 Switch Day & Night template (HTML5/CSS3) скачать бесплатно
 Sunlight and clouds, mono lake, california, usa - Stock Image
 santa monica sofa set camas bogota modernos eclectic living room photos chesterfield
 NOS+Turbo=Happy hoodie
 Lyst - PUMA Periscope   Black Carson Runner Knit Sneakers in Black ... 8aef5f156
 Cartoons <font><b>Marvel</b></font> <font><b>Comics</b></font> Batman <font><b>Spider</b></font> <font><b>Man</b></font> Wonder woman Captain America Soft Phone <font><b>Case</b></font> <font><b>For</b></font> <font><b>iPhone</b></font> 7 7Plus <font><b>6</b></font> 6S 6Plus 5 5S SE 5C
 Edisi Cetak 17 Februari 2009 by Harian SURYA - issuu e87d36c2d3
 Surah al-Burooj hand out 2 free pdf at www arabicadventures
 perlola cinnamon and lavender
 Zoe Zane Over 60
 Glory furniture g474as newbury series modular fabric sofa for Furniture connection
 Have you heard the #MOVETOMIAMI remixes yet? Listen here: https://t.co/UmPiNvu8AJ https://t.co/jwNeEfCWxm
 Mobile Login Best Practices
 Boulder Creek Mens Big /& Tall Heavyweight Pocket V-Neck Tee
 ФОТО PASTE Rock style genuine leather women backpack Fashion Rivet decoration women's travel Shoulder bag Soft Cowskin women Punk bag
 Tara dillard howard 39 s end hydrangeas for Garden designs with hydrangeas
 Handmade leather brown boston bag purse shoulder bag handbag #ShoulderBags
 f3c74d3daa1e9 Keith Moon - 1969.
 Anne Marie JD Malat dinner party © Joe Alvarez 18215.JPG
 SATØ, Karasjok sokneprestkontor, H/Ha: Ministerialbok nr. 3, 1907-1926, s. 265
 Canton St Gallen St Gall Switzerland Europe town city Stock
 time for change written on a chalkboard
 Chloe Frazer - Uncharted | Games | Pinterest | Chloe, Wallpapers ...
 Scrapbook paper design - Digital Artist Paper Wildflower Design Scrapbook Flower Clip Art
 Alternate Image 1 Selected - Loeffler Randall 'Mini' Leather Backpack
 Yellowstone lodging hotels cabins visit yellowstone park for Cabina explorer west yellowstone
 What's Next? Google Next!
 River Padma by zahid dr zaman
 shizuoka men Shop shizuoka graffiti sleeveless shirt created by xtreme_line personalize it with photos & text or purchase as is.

*-*-*

### TASK STATEMENT:
Scan the listing for "Image" and copy out each line that has it.

### OUTPUT:
 Sunlight and clouds, mono lake, california, usa - Stock Image
 Alternate Image 1 Selected - Loeffler Randall 'Mini' Leather Backpack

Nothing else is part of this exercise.